[[ Data listing open ]]

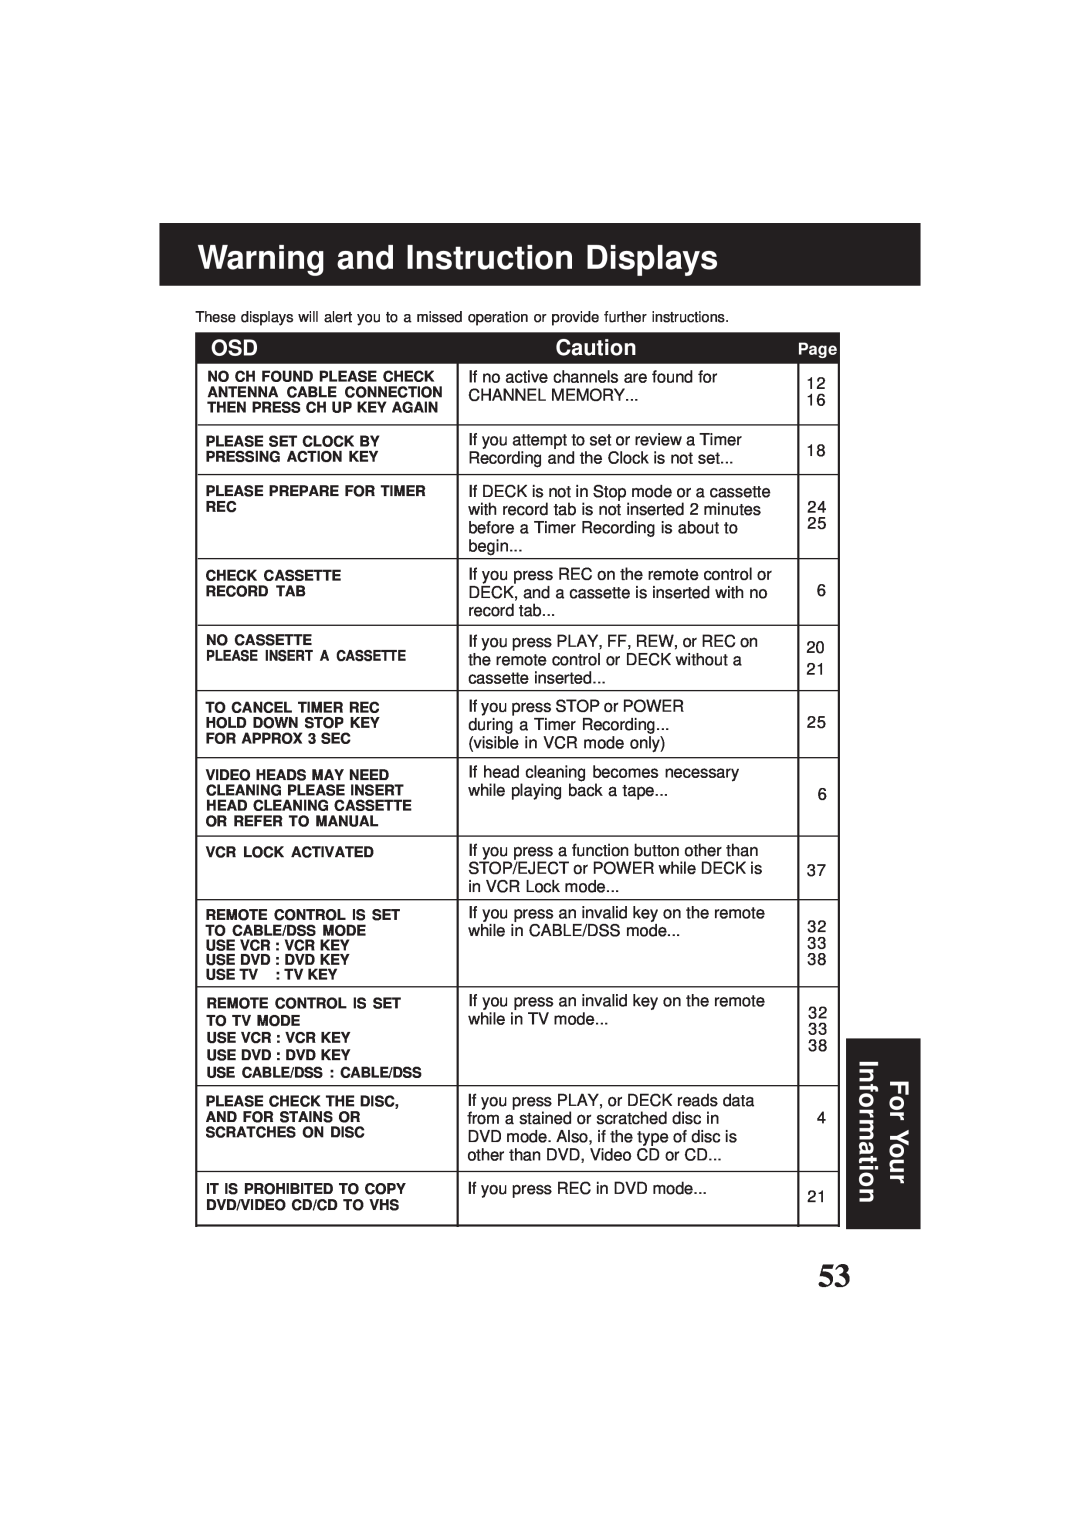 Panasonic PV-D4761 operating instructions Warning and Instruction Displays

[[ Data listing closed ]]
[[ Data listing open ]]

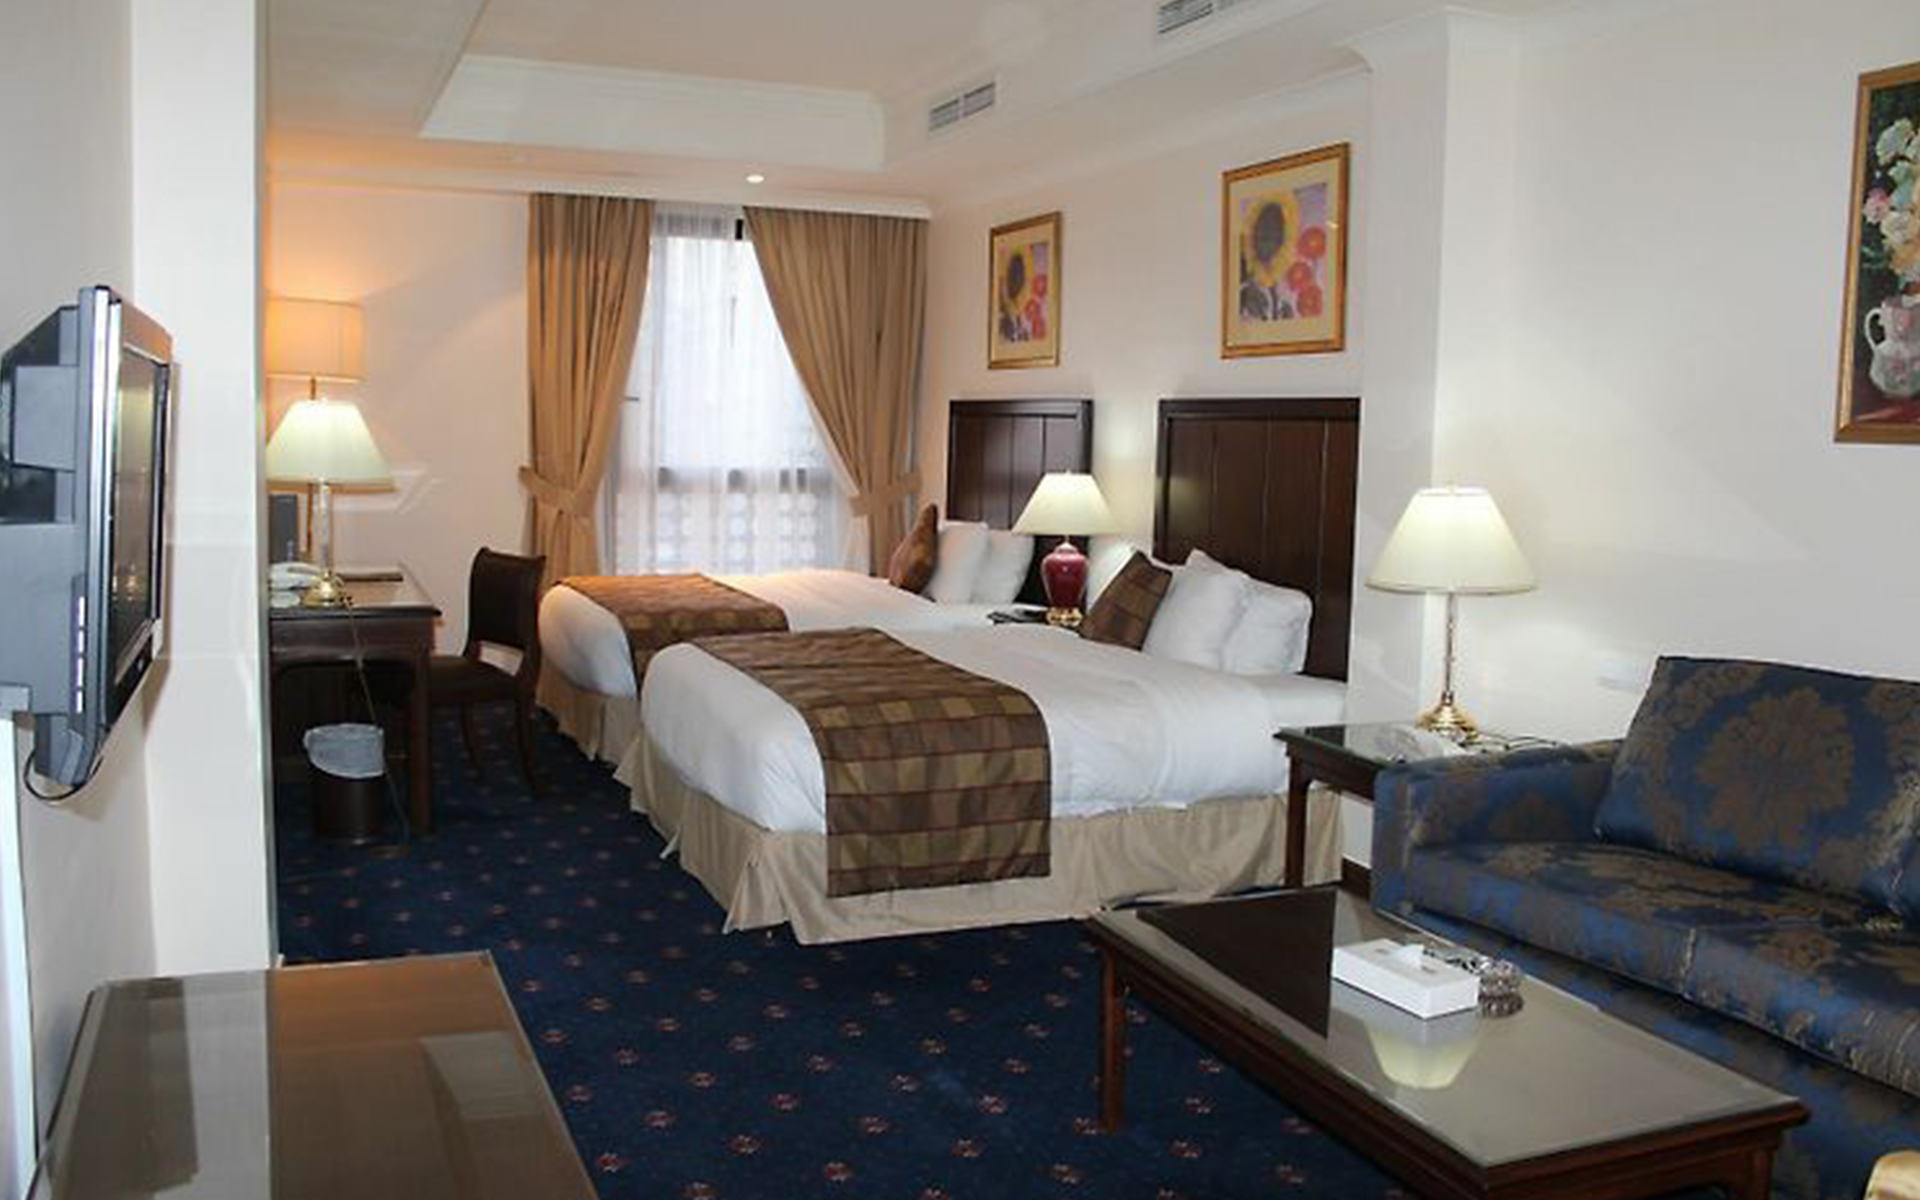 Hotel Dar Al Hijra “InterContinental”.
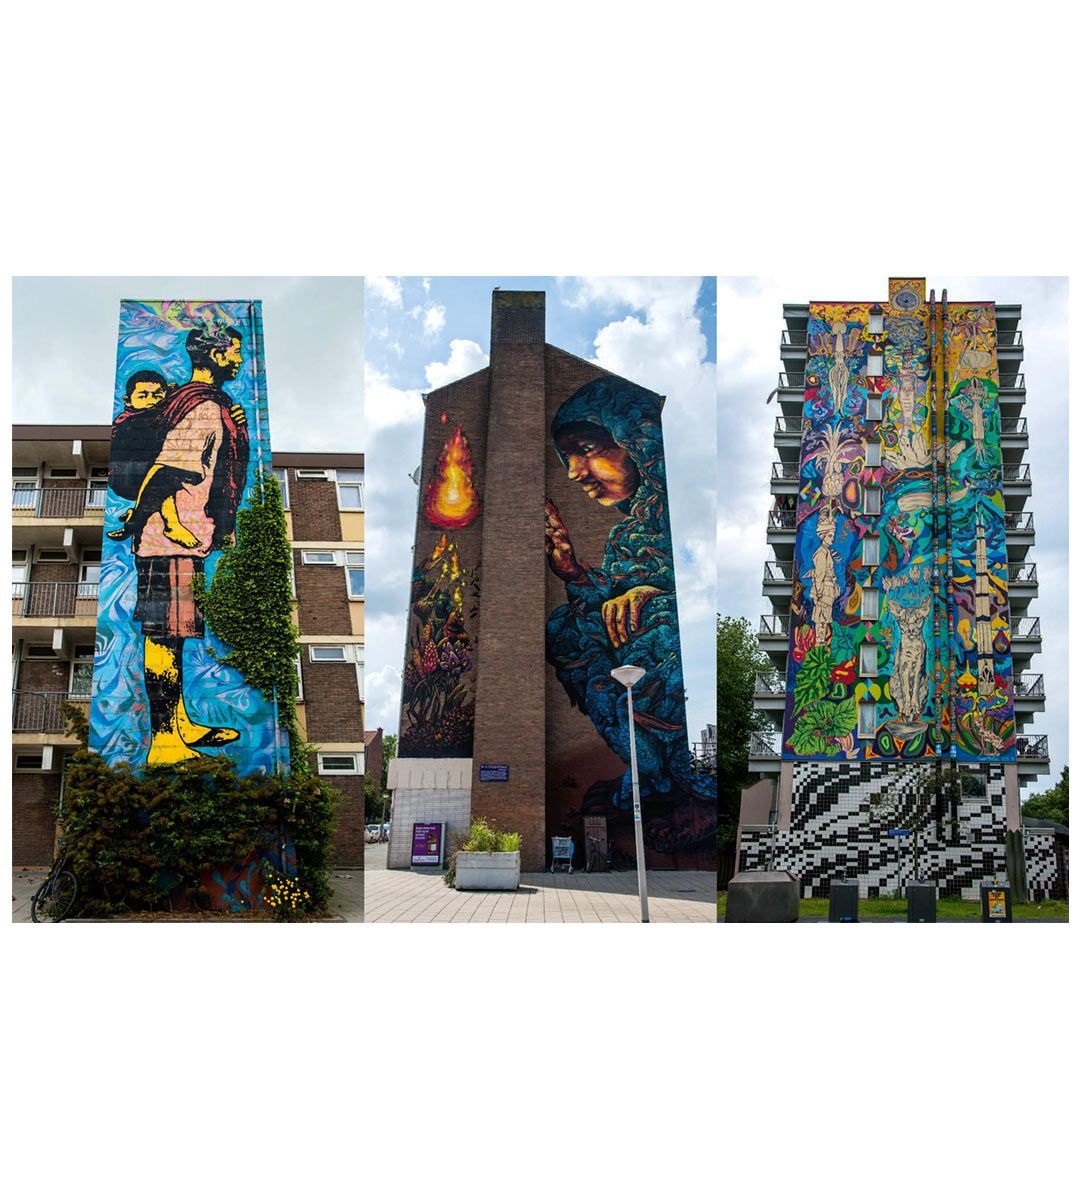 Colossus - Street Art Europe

[[ Data listing closed ]]
[[ Data listing open ]]

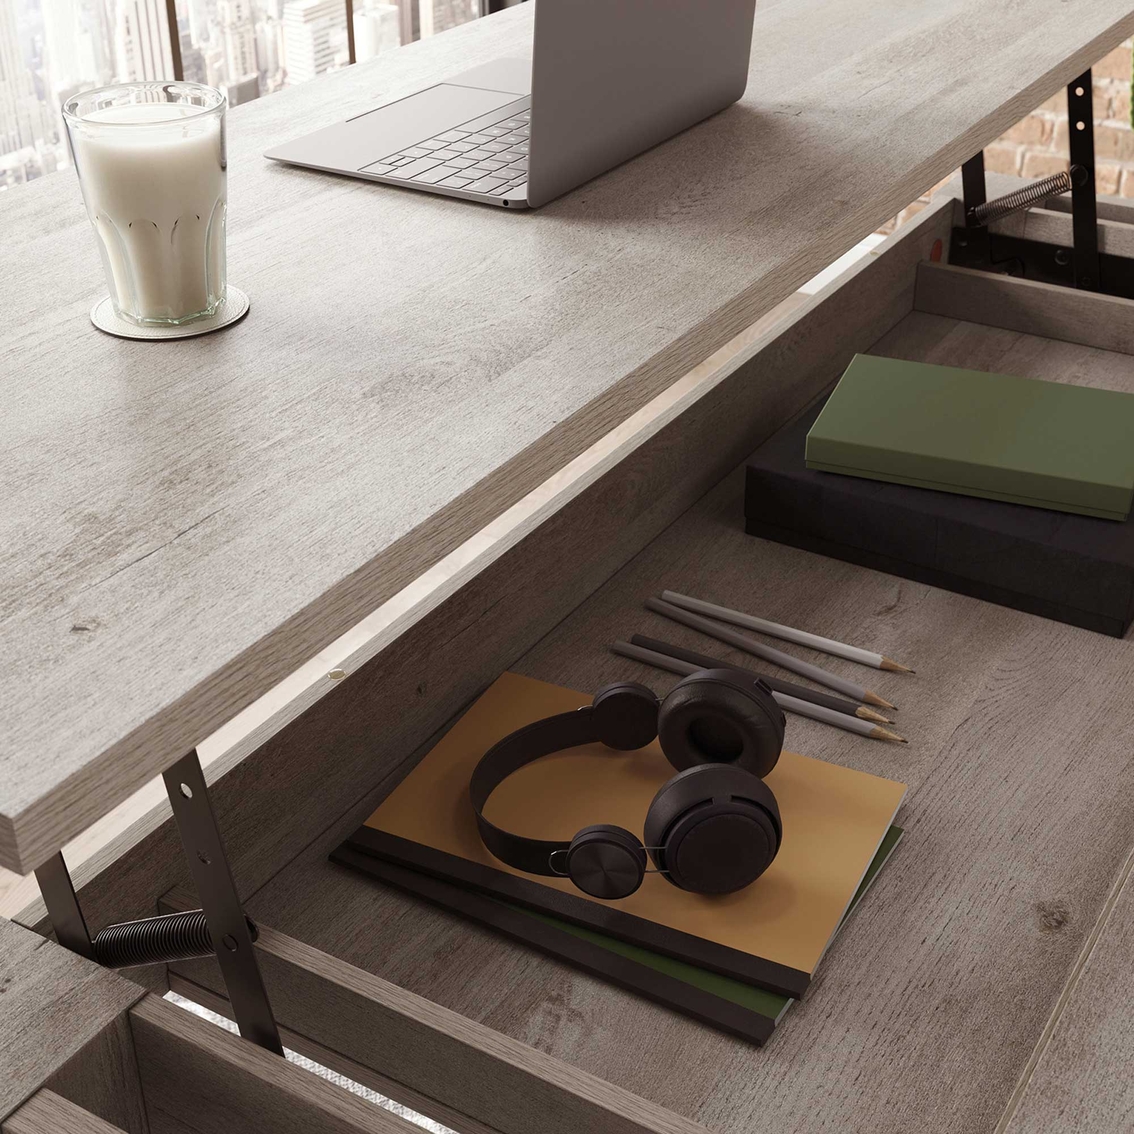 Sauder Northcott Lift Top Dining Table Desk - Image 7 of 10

[[ Data listing closed ]]

> Task item:
Leaving every picture aside, reproduce exactly the lines above from the one with "Hotel Dar Al" up to and including the one with "Colossus - Street Art Europe", and no others.

> Exercise solution:
 Hotel Dar Al Hijra “InterContinental”.
 Colossus - Street Art Europe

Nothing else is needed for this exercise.